Installing Debian 12 on a Banana Pi M5
I recently bought a Banana Pi BPI-M5, which uses the Amlogic S905X3 SoC: these are my notes about installing Debian on it.
While this SoC is supported by the upstream U-Boot it is not supported by the Debian U-Boot package, so debian-installer does not work. Do not be fooled by seeing the DTB file for this exact board being distributed with debian-installer: all DTB files are, and it does not mean that the board is supposed to work.
As I documented in #1033504, the Debian kernels are currently missing some patches needed to support the SD card reader.
I started by downloading an Armbian Banana Pi image and booted it from an SD card. From there I partitioned the eMMC, which always appears as /dev/mmcblk1
:
parted /dev/mmcblk1 (parted) mklabel msdos (parted) mkpart primary ext4 4194304B -1 (parted) align-check optimal 1 mkfs.ext4 /dev/mmcblk1p1
Make sure to leave enough space before the first partition, or else U-Boot will overwrite it: as it is common for many ARM SoCs, U-Boot lives somewhere in the gap between the MBR and the first partition.

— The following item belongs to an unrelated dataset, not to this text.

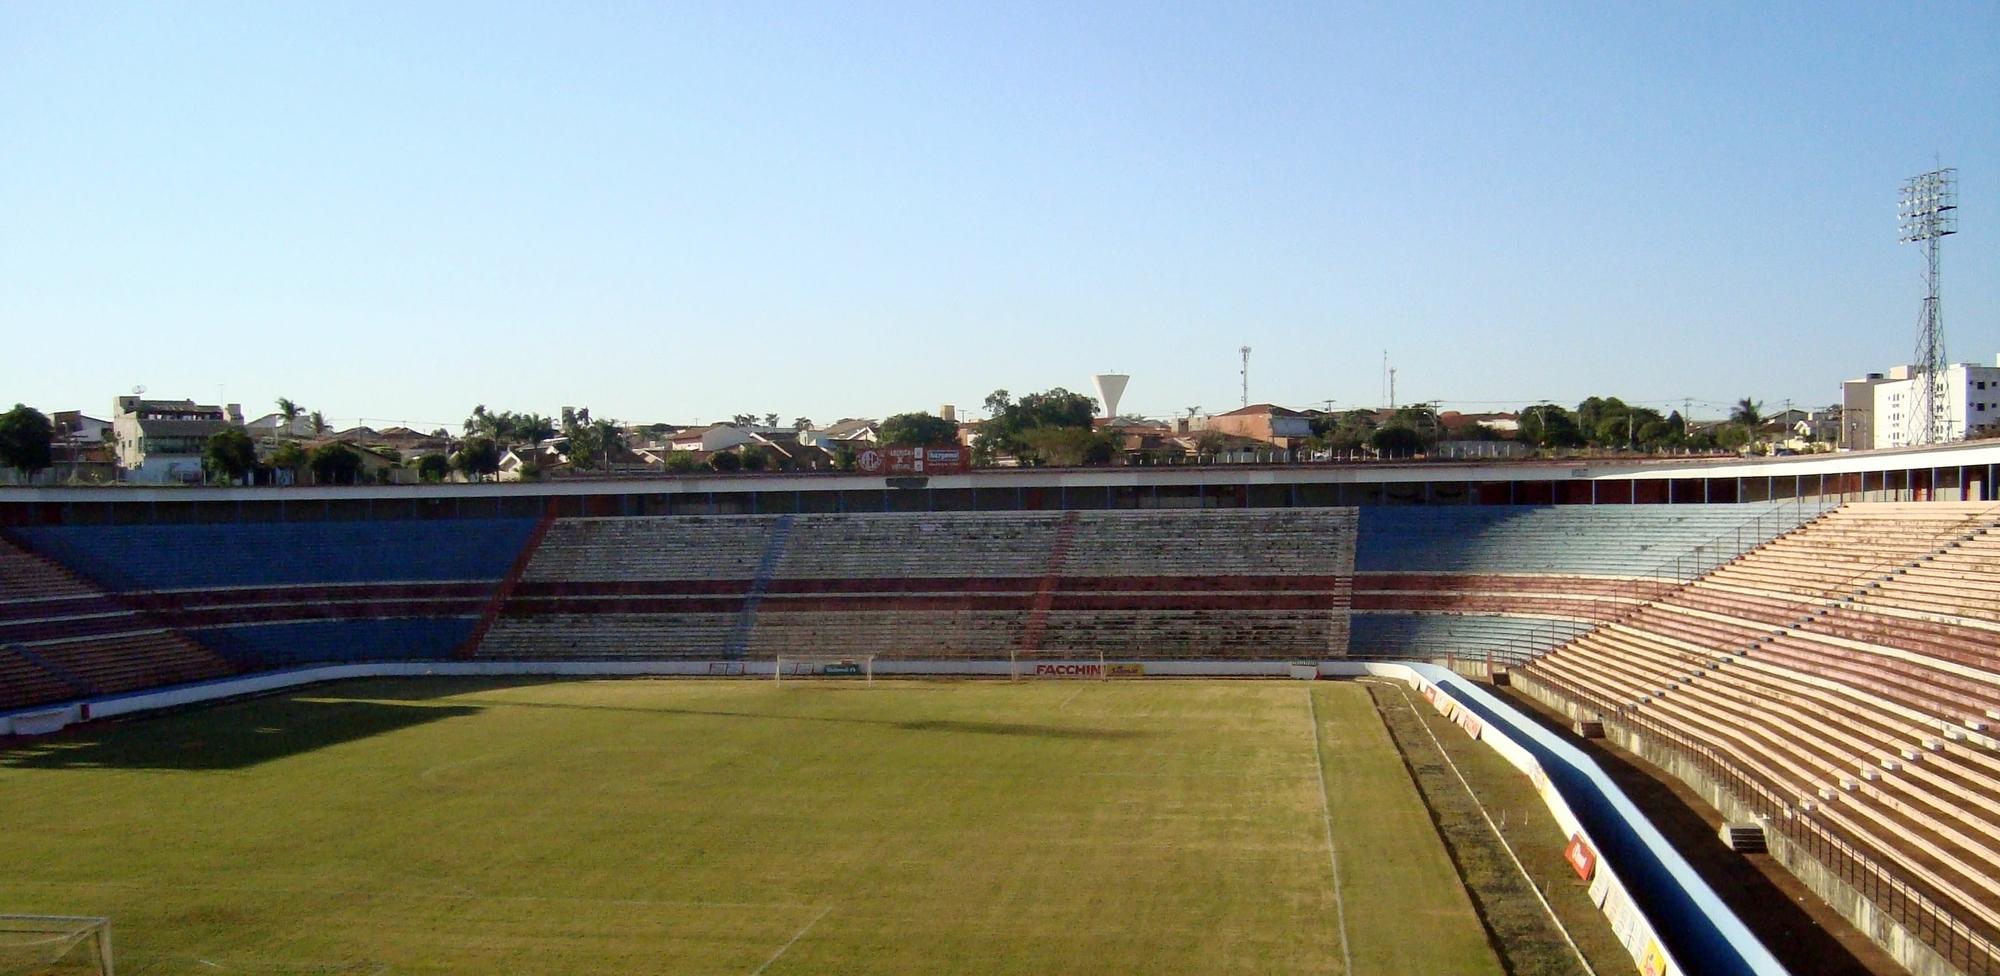 Santos e RB Brasil será em Rio Preto e ingressos estarão à venda ... - Globo.com

I looked at Armbian's /usr/lib/u-boot/platform_install.sh
and installed U-Boot by manually copying it to the eMMC:
dd if=/usr/lib/linux-u-boot-edge-bananapim5_22.08.6_arm64/u-boot.bin of=/dev/mmcblk1 bs=1 count=442 dd if=/usr/lib/linux-u-boot-edge-bananapim5_22.08.6_arm64/u-boot.bin of=/dev/mmcblk1 bs=512 skip=1 seek=1
Beware: Armbian's U-Boot 2022.10 is buggy, so I had to use an older image.

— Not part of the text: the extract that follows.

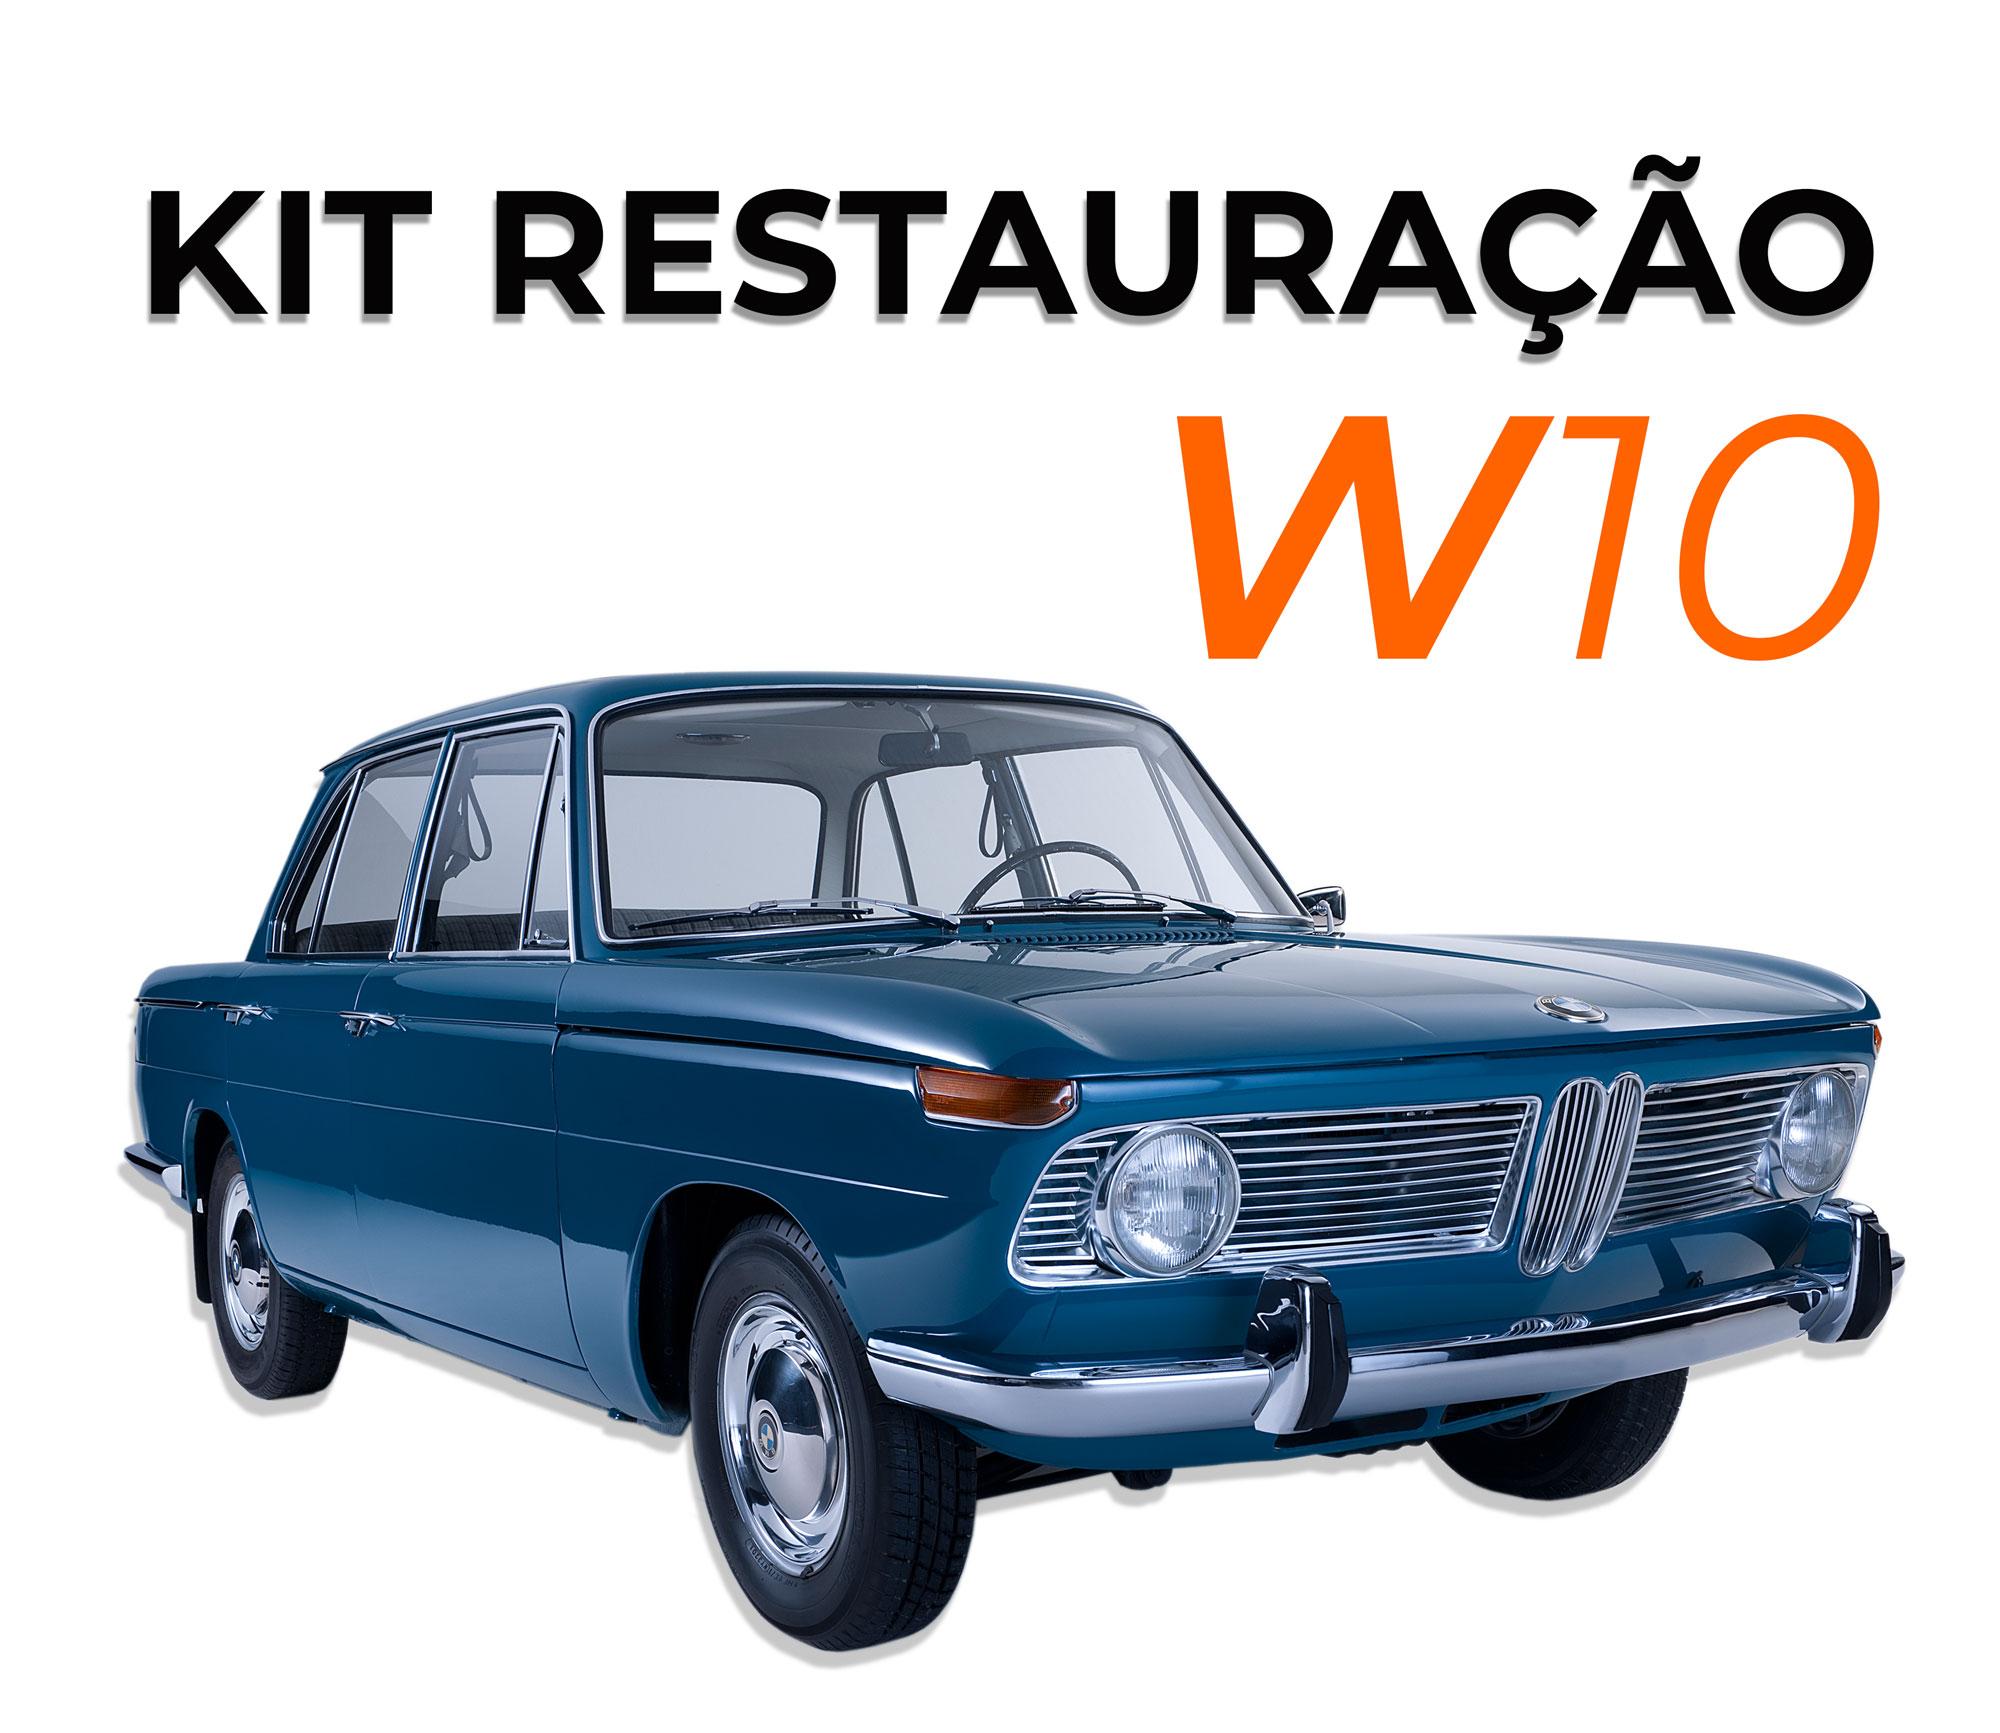 KIT RESTAURAÇÃO LINHA W10

I did not want to install a new system, so I copied over my old Cubieboard install:
mount /dev/mmcblk1p1 /mnt/ rsync -xaHSAX --delete --numeric-ids root@old-server:/ /mnt/ --exclude='/tmp/*' --exclude='/var/tmp/*'
Since the Cubieboard has a 32 bit CPU and the Banana Pi requires an arm64 kernel I enabled the architecture and installed a new kernel:
dpkg --add-architecture arm64 apt update apt install linux-image-arm64 apt purge linux-image-6.1.0-6-armmp linux-image-armmp
At some point I will cross-grade the entire system.

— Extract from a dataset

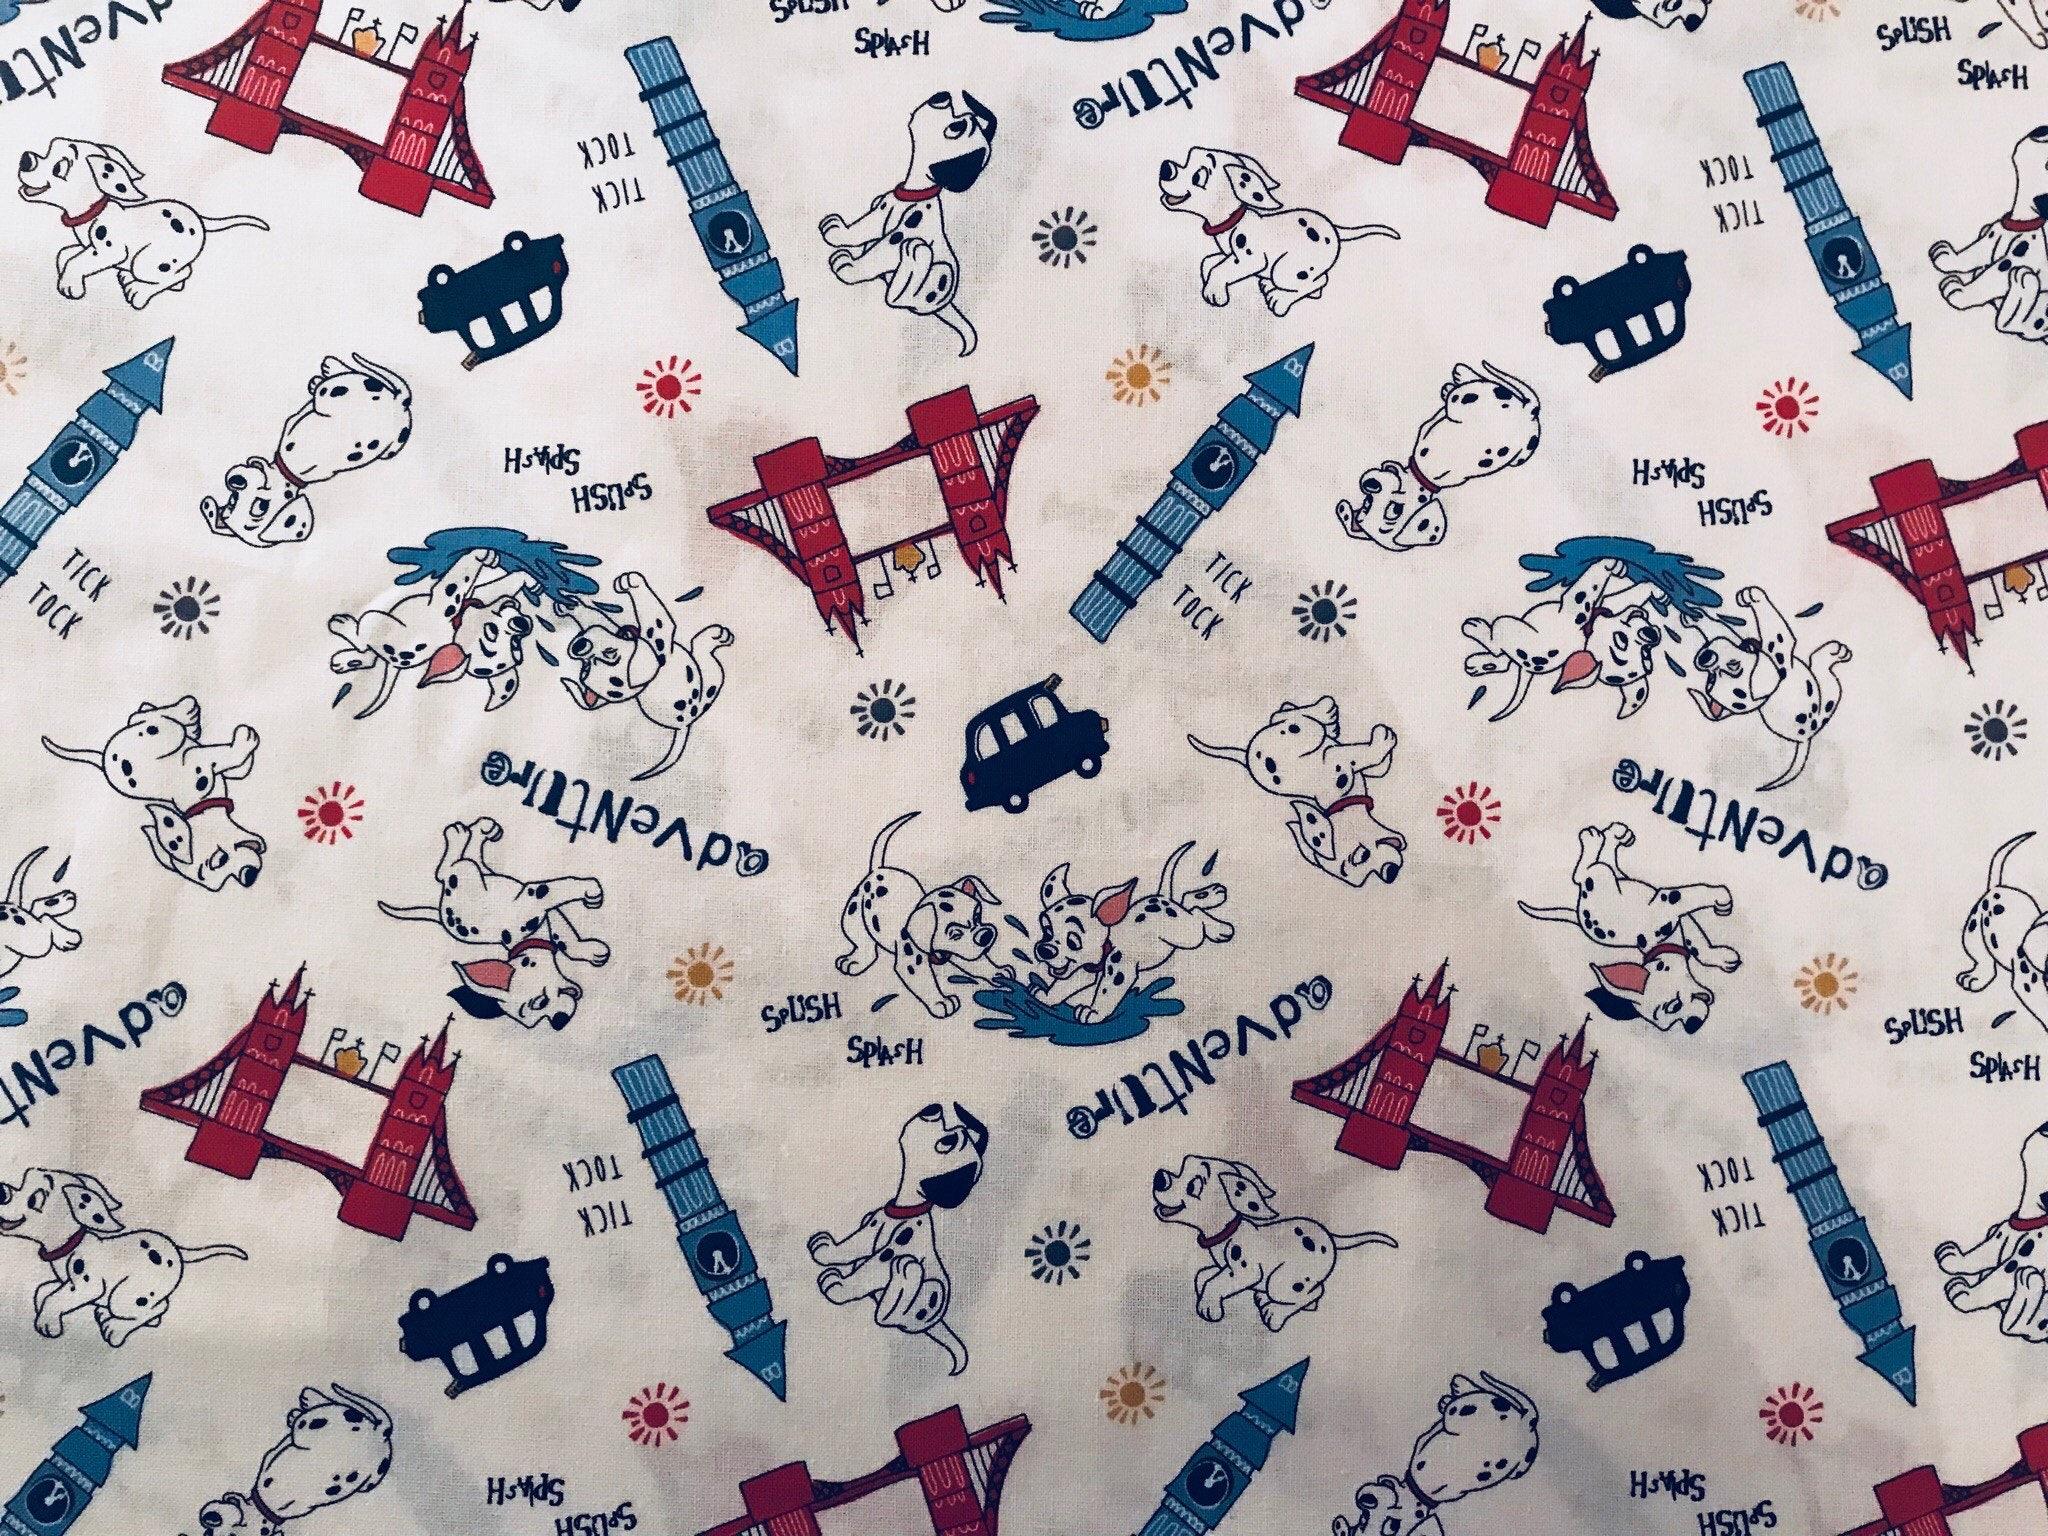 Disney 101 Dalmatian Adventure Fabric Disney Fabric London Etsy

Even if ttyS0 exists it is not the serial console, which appears as ttyAML0 instead. Nowadays systemd automatically starts a getty if the serial console is enabled on the kernel command line, so I just had to disable the old manually-configured getty:
systemctl disable serial-getty@ttyS0.service
I wanted to have a fully working flash-kernel, so I used Armbian's boot.scr
as a template to create /etc/flash-kernel/bootscript/bootscr.meson
and then added a custom entry for the Banana Pi to /etc/flash-kernel/db
:
Machine: Banana Pi BPI-M5 Kernel-Flavors: arm64 DTB-Id: amlogic/meson-sm1-bananapi-m5.dtb U-Boot-Initrd-Address: 0x0 Boot-Initrd-Path: /boot/uInitrd Boot-Initrd-Path-Version: yes Boot-Script-Path: /boot/boot.scr U-Boot-Script-Name: bootscr.meson Required-Packages: u-boot-tools
All things considered I do not think that I would recommend to Debian users to buy Amlogic-based boards since there are many other better supported SoCs.